What this task involves: The full listing, written out exactly and without images, is the expected result.

### Information supplied ###

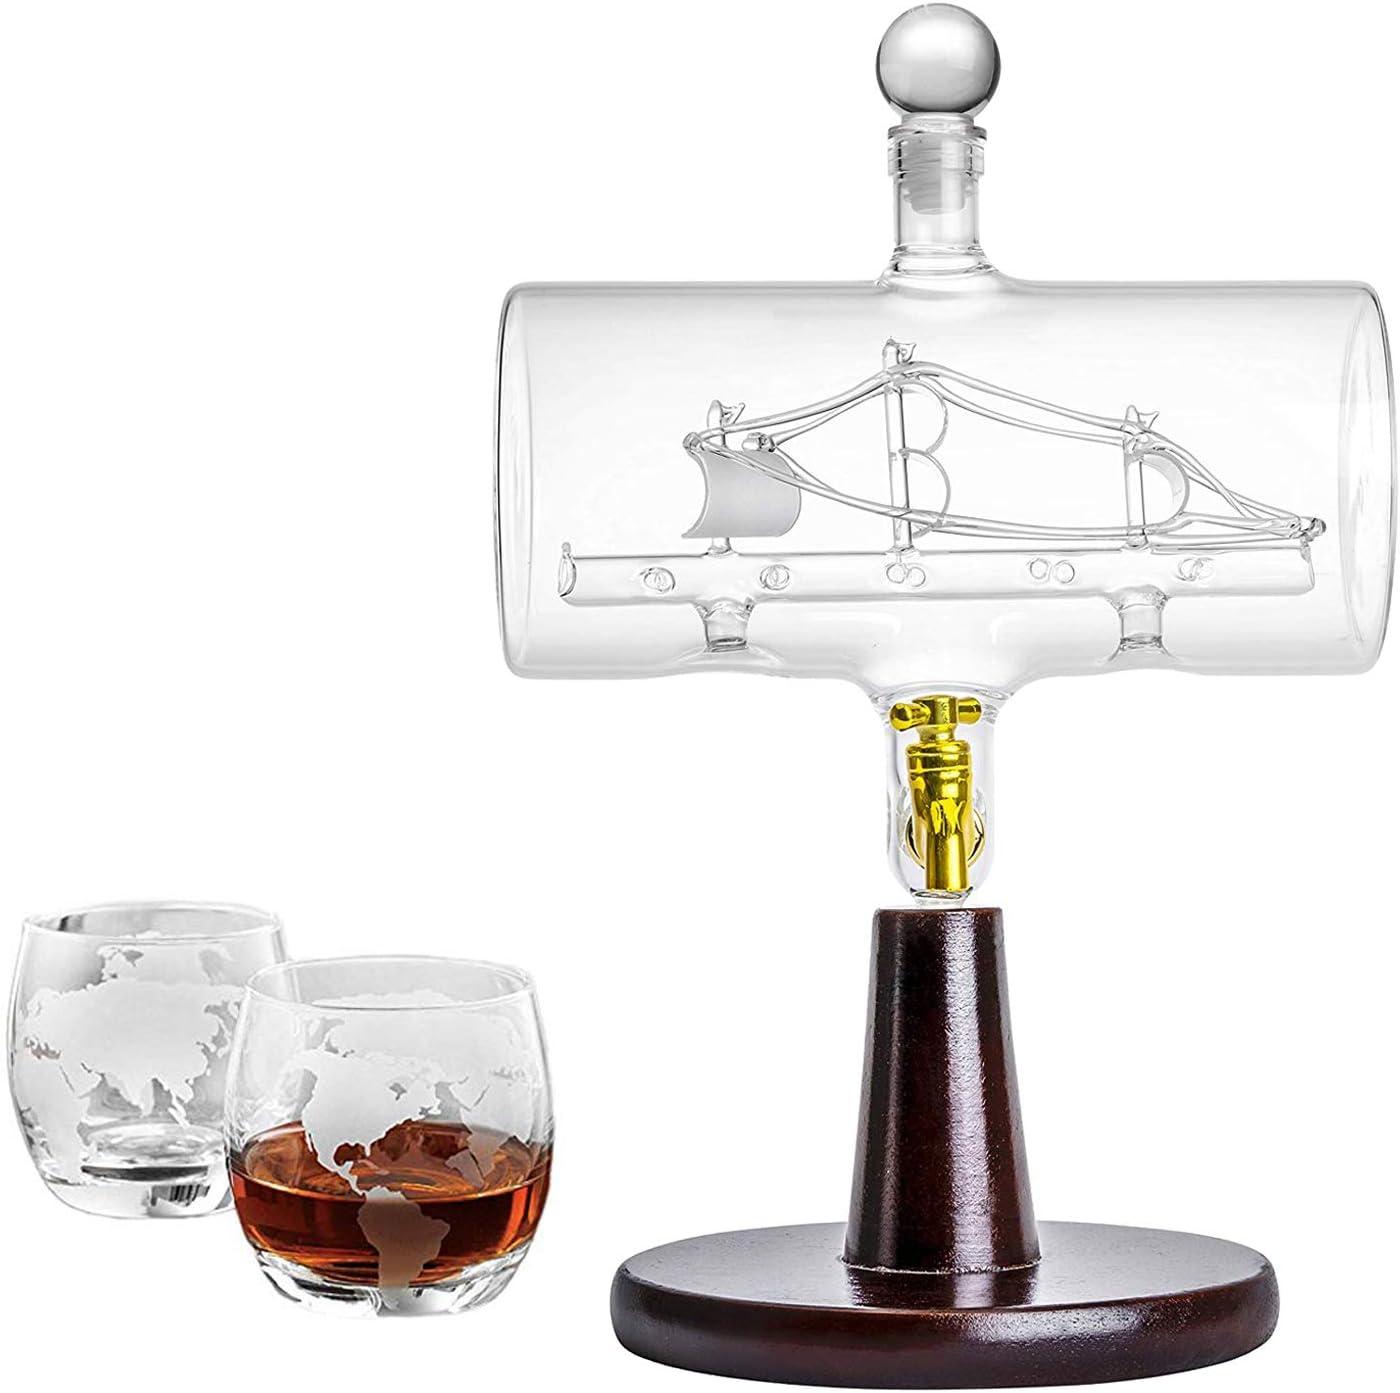 Large 40 Oz 'Magellan' Handmade Whiskey Dispenser Liquor Decanter with Ship inside, Wooden Stand, Bar Funnel and 2 Globe GLasses
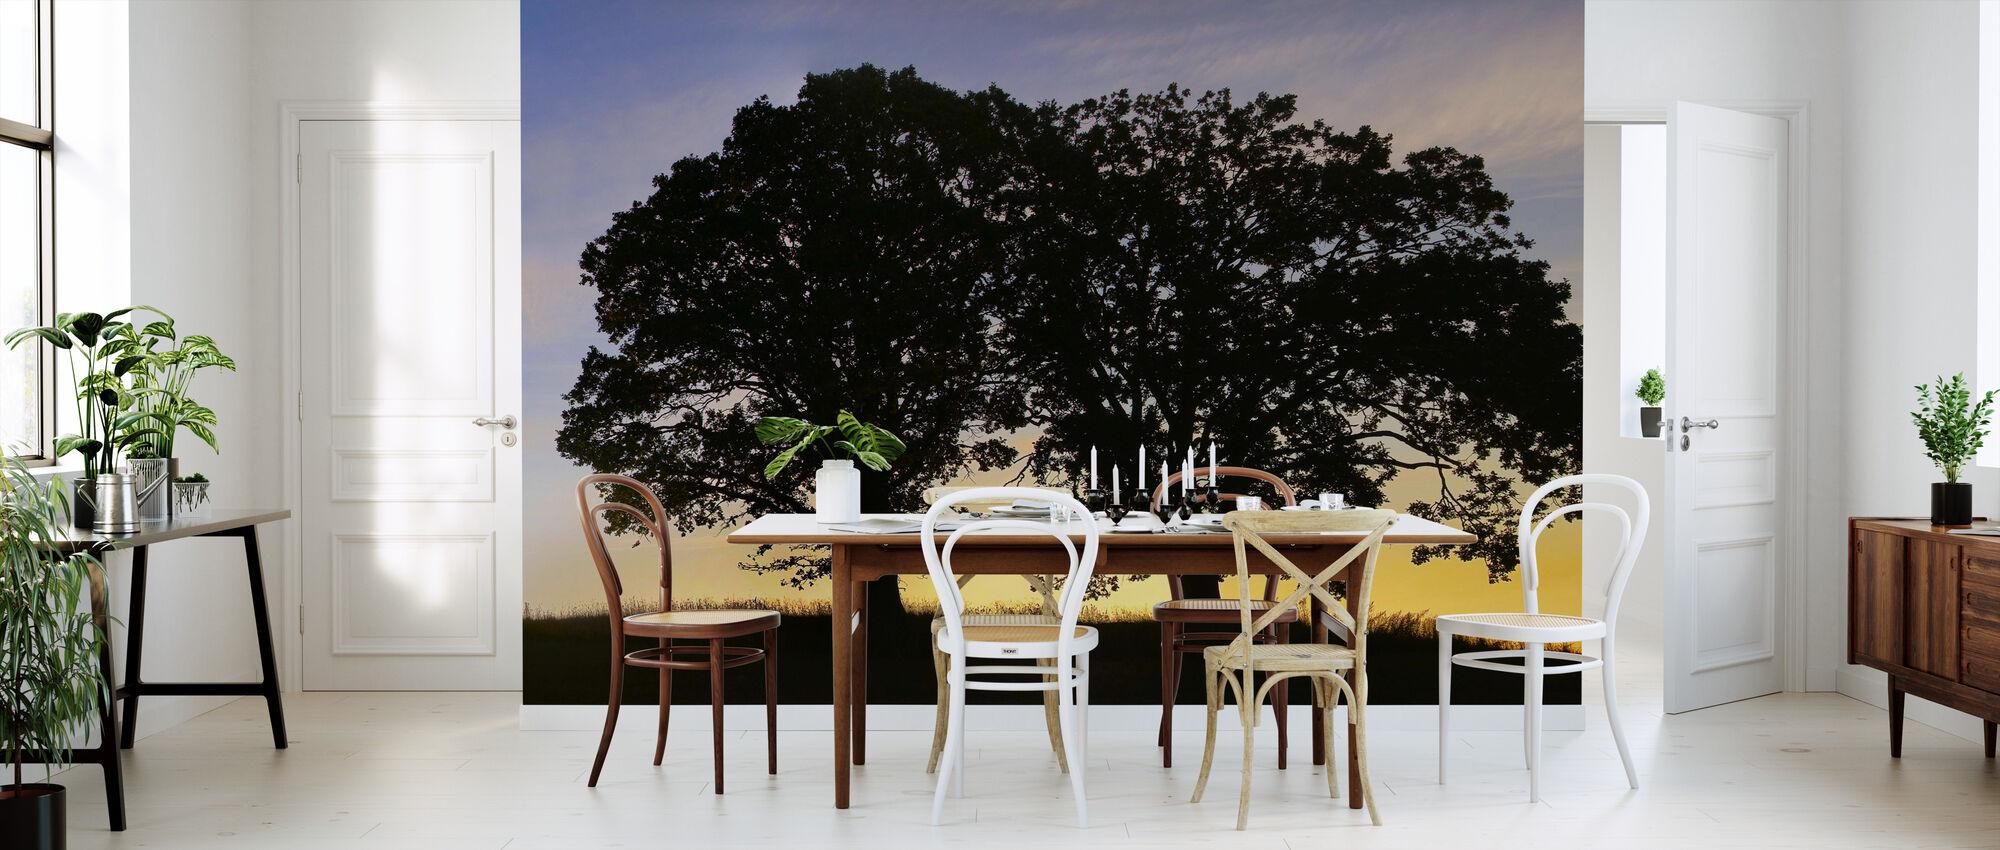 sunset trees mit fototapeten einrichten photowall. Black Bedroom Furniture Sets. Home Design Ideas
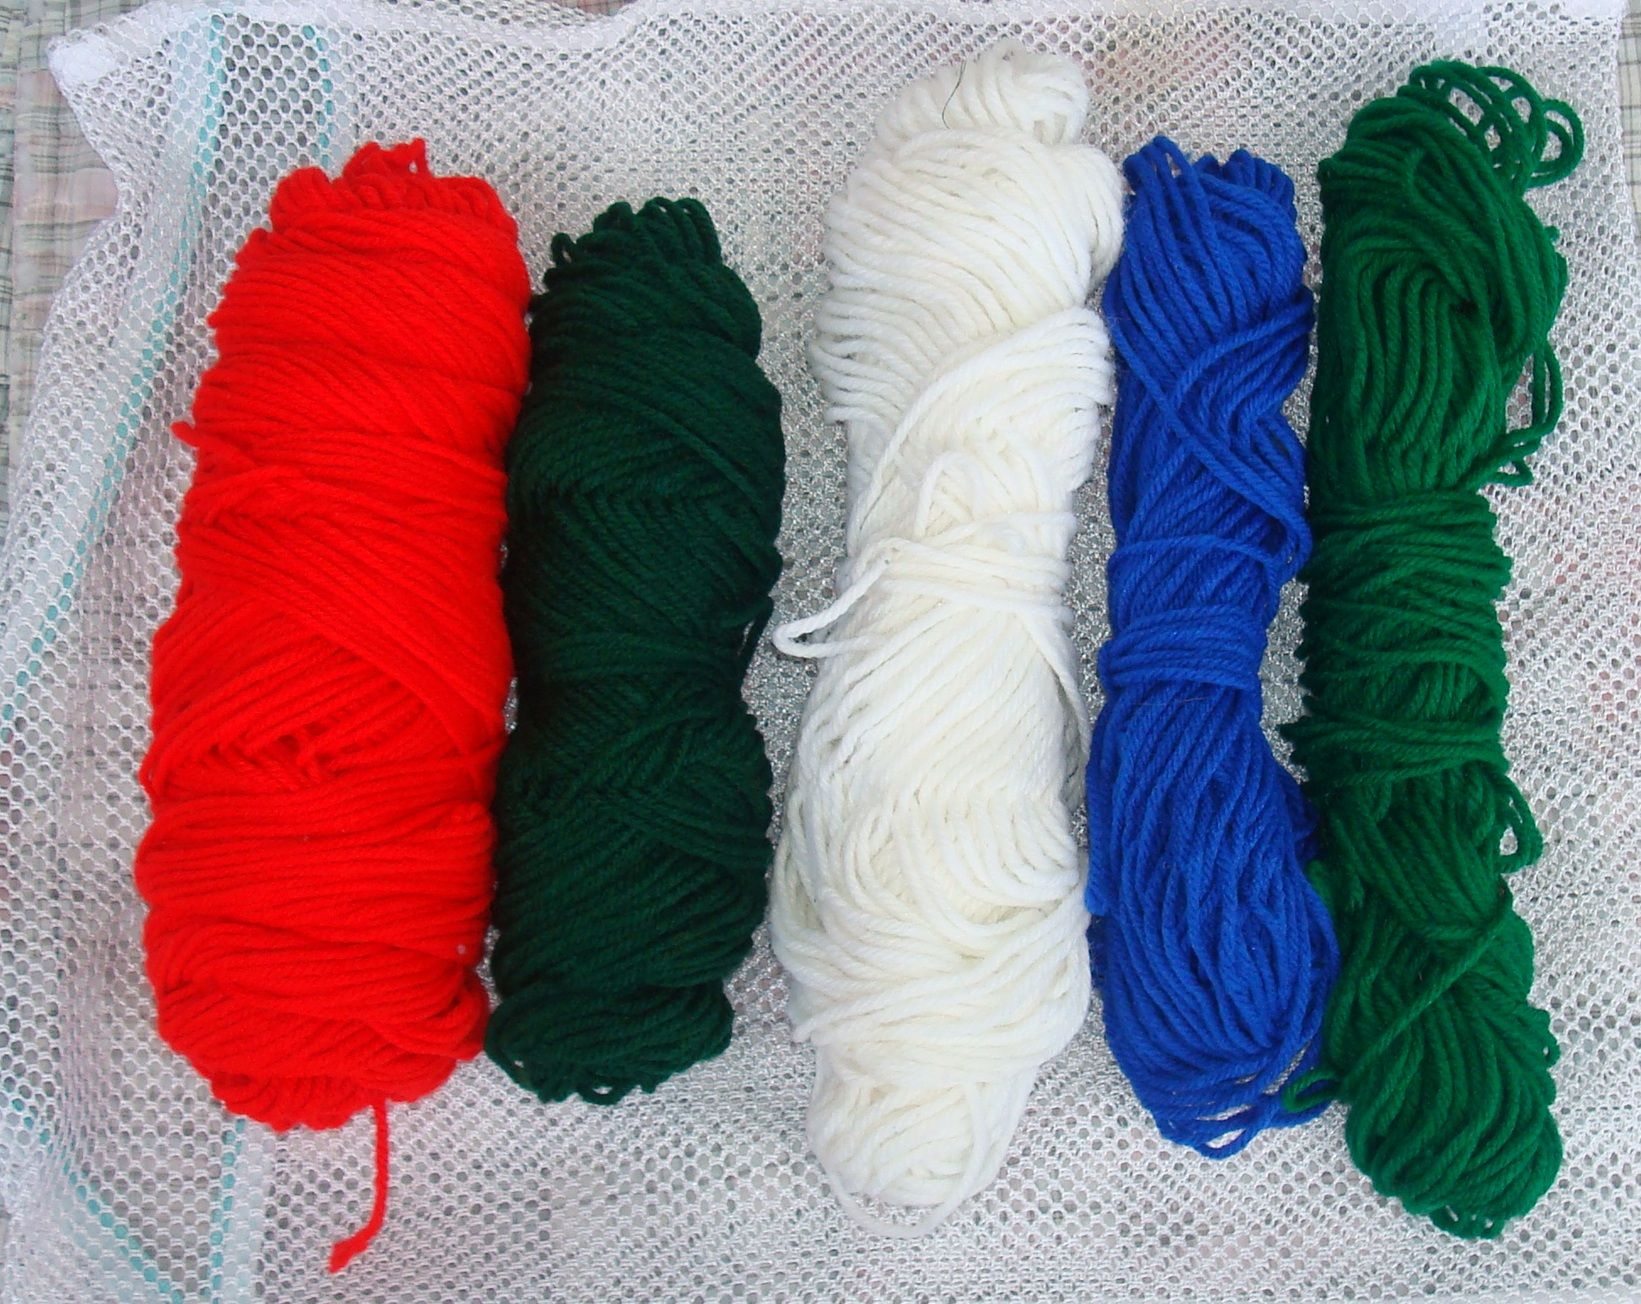 Softening Acrylic Yarn Experiment | Yarn Over, Pull Through

###

Response to the exercise:
 Large 40 Oz 'Magellan' Handmade Whiskey Dispenser Liquor Decanter with Ship inside, Wooden Stand, Bar Funnel and 2 Globe GLasses
 sunset trees mit fototapeten einrichten photowall. Black Bedroom Furniture Sets. Home Design Ideas
 Softening Acrylic Yarn Experiment | Yarn Over, Pull Through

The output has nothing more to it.